On 17 June at 4:30 p.m. the assault began with a bombardment from a Royal Artillery heavy regiment 7.2 in howitzers and the field gun regiments and Royal Navy ships just offshore. Under their new commander, Lieutenant Colonel Eric Palmer, 41 Commando and forty-four armoured engineering vehicles attacked from the north, while other AVREs (77 Assault Squadron) created a diversion from the south-west. After half an hour of continuous bombardment, the armour advanced with 28 Sherman Crab mine-clearing tanks of the 22nd Dragoons, that cleared the way through the minefields using their machine guns and 75mm guns to suppress return fire. The 26th Assault Squadron's 17 Churchill tank AVREs with their spigot mortar demolition guns and demolition charges followed behind. At the same time the remainder of the squadron gave covering fire in particular against the supposed targets of the five anti-tank guns. While the Crabs were successful in clearing the minefields, AVRES with their high explosive bombs caused severe destruction; one hit a 50 mm gun and another an open emplacement at 60 yd range. With demoltiion charges laid on the tops of the bunkers the effect was devastating to the German defenders.

At 5:40 p.m. the 160 men of 41 Commando rushed the bombarded positions and soon after swept over the outer defences. Not long after that they entered the casemates, tunnels and bunkers, where they found many shocked and dazed Germans. With nearly all the strongpoint taken, it was clear to the Germans that the station could no longer be defended. and they surrendered. The assault on the small station on the northern site was similarly successful. The 38 German defenders almost immediately gave up; like the others they had been dazed, shocked and exhausted by the bombardment.

==Aftermath==
The two hundred and twenty seven remaining Luftwaffe personnel, including five officers, surrendered and the last of the 4th Special Service Brigade's D-Day objectives was finally achieved. 41 Commando had suffered six casualties including one killed, whilst the tank crews from the 79th Armoured Division suffered three killed and seven wounded. Four Crabs tanks disabled by mines, one AVRE was destroyed and another three were disabled during their close-range exchange with the German defenders. All but one of these tank was repairable.

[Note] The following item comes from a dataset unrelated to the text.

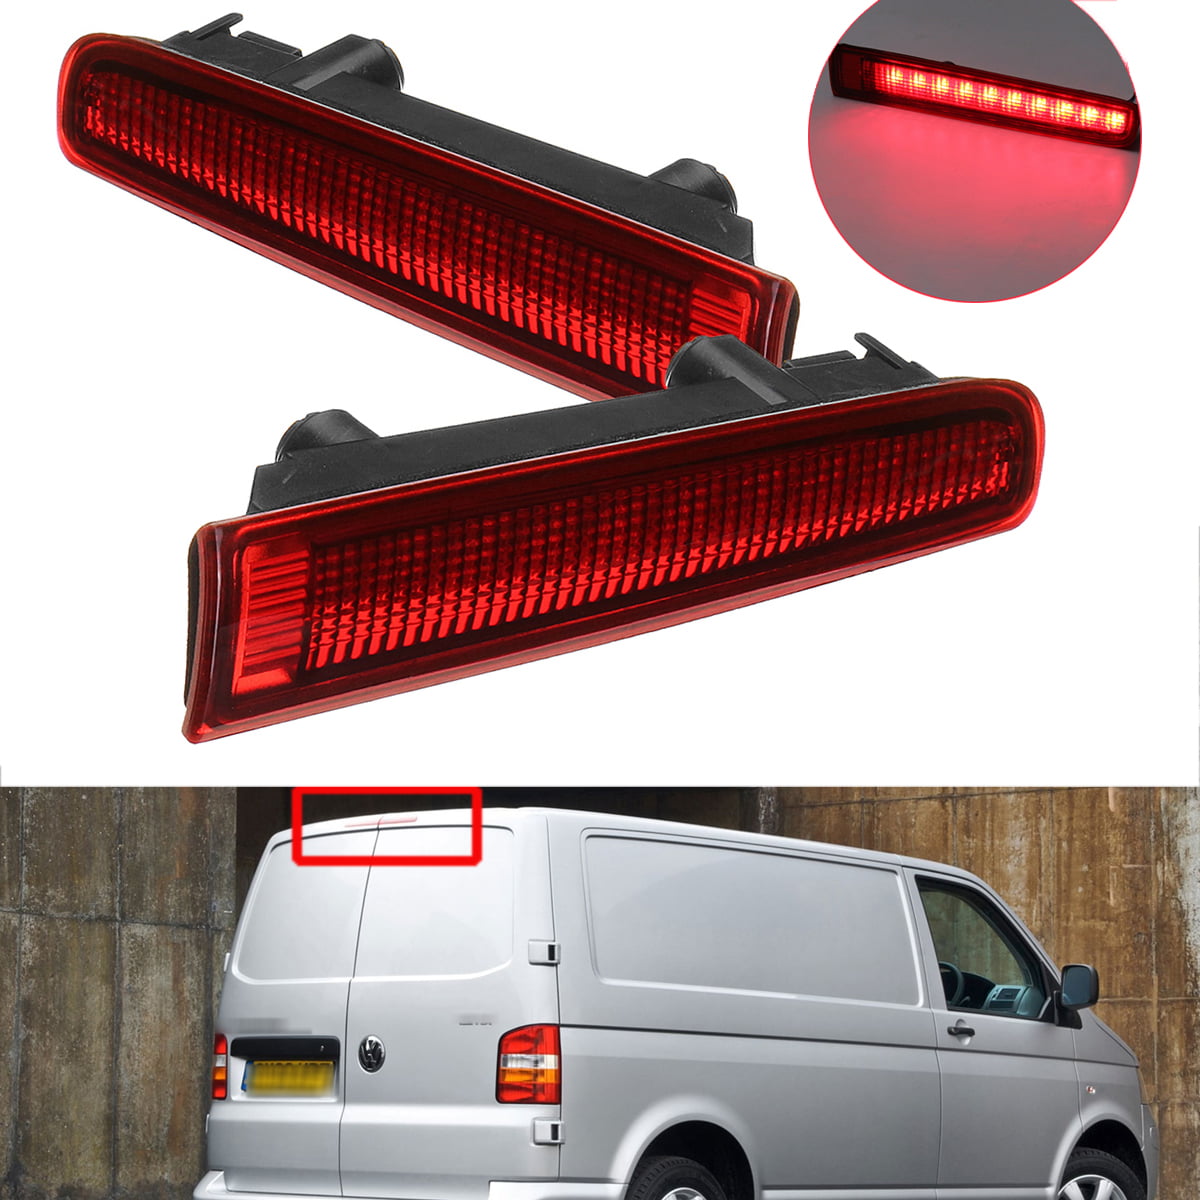 LED Rear High Level Third Stop Lamp Left OR Right For VW Transporter T5 T6 | Walmart Canada

By middle of June, with the last German stronghold near the beaches taken, the Allied beachhead was secure. The front-line was still 10 mi beyond the beaches and that meant that Allied naval gunfire could break up any German attacks. Allied air forces, particularly the Typhoons dominating the sky could also break German troop concentrations.

The radar site at Douvres-la-Délivrande is now home to a museum, with two of the bunkers housing displays about the evolution and role of radar. The museum also maintains a rare preserved example of the Würzburg radar antenna.